The point in issue is to determine which fundamental duty is breached by the adoption of a conduct of this nature. In the decision in question, the Supreme Court of Justice understood that this act constituted a breach of the duty of care that shall govern the actions of the manager within the framework of the fiduciary duty established with the company. Indeed, this type of conduct evidences the lack of competence and commitment of the manager to perform his duties and entails an omission of the duty imposed on him to monitor the business of the company, for which reason the Court classified this conduct as a breach of the duty of care.
On the other hand, in legal theory, this conduct has been regarded as a typical example of breach of the duty of loyalty, more specifically the duty not to use assets owned by the company represented by the manager. The grounds for the breach of the duty of loyalty rest on the fact that the manager devalues and neglects the interests of the company represented in favour of his own interests, more specifically by engaging in a competing business and misusing the assets owned by the company.
In a nutshell, considering that the duty of loyalty requires that the members of management bodies always act in accordance with the interests of the company that they represent, the manager who places his own interests ahead of the interests of the company acts in breach of the fundamental duty of loyalty.
These situations of misuse of the company’s assets are addressed under the so-called corporate opportunities doctrine. This doctrine entails two different modalities: (i) the doctrine of subjective corporate opportunities, which includes the cases in which the member of the managerial body pursues and exploits a business opportunity belonging to the company represented; and (ii) the doctrine of objective corporate opportunities, which covers the cases in question, in which a member of a managerial body uses, wrongfully and disproportionately, information and assets owned by the company in order to attain his own interests.
In effect, it is unanimously agreed in legal theory and in case law that the improper use of the assets owned by the company by a manager constitutes just cause for dismissal, within the scope and meaning of Article 254.5 CCC, insofar as it entails a breach of a fundamental duty of the manager and irremediably compromises the continuation of the legal relationship entered into between the manager and the company and its underlying relationship of trust.
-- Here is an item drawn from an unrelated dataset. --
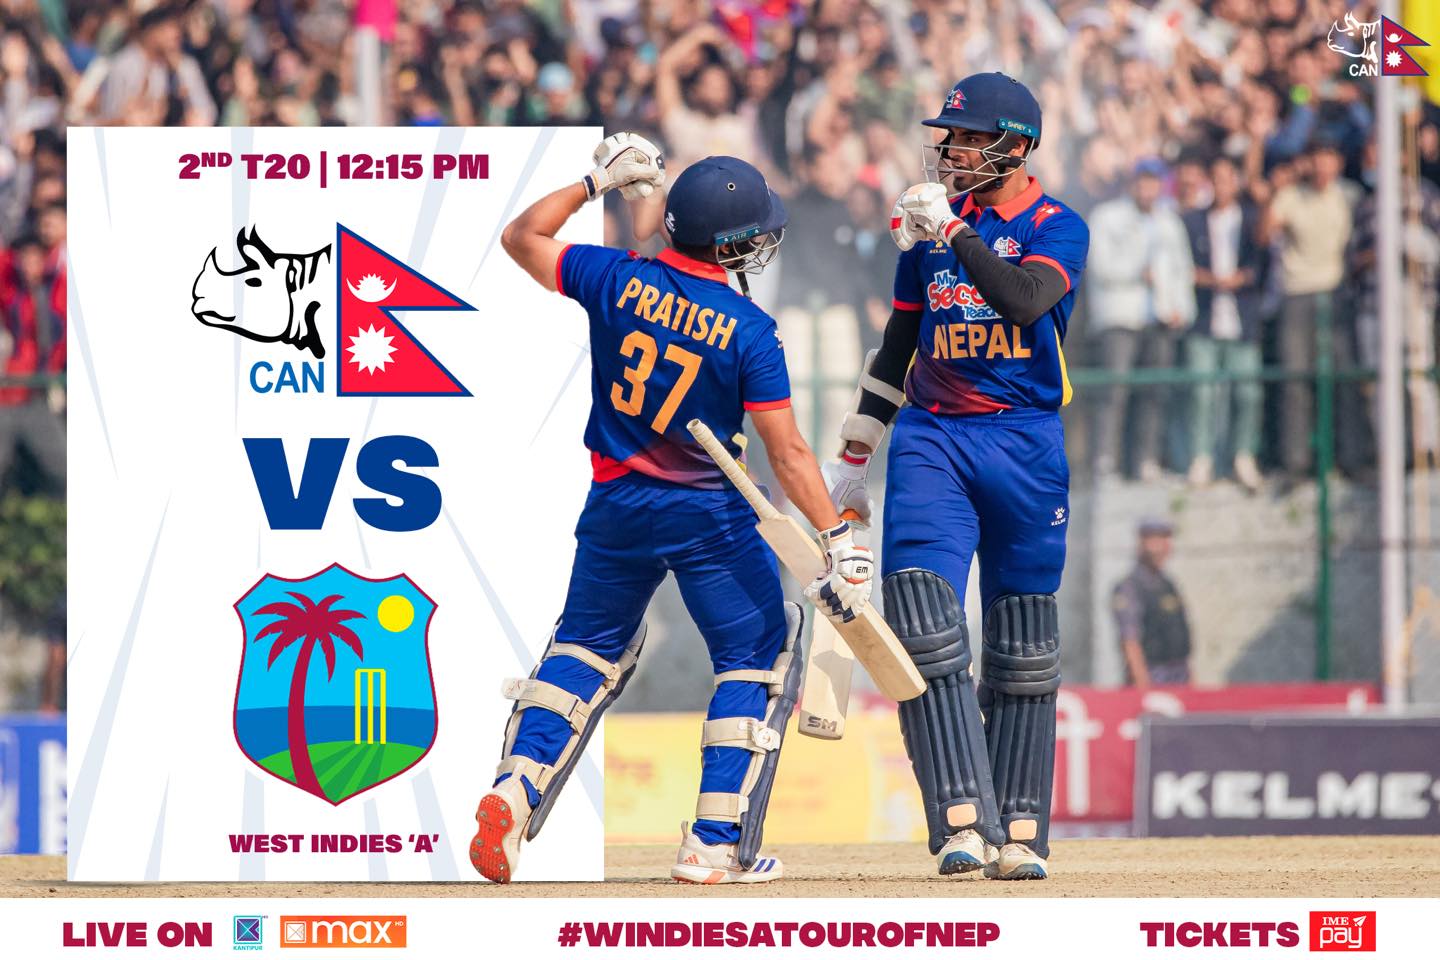 Historic T20 Series Nepal vs. West Indies A -Tour of Nepal- Cricket Destination Delight

With regard to the possible accountability of members of management bodies for the improper use of the assets owned by the company, it must be noted that some authors are of the opinion that the rules concerning the prohibition of competition, provided for in Article 180.2 CCC, are applicable by analogy. This means that the company represented can not only be compensated for all losses suffered but may also, insofar as this is possible, make full use of the opportunity that it was deprived of.
However, other authors argue that the use of assets owned by the company, when providing an advantage for the member of the managerial body who undertakes its use, may be regarded as unjust enrichment, provided for and regulated in Articles 473 and following of the Portuguese Civil Code (“CC”), in order to oblige the manager to restore to the company represented the unjustifiable advantages arising from the wrongful use of the company’s assets.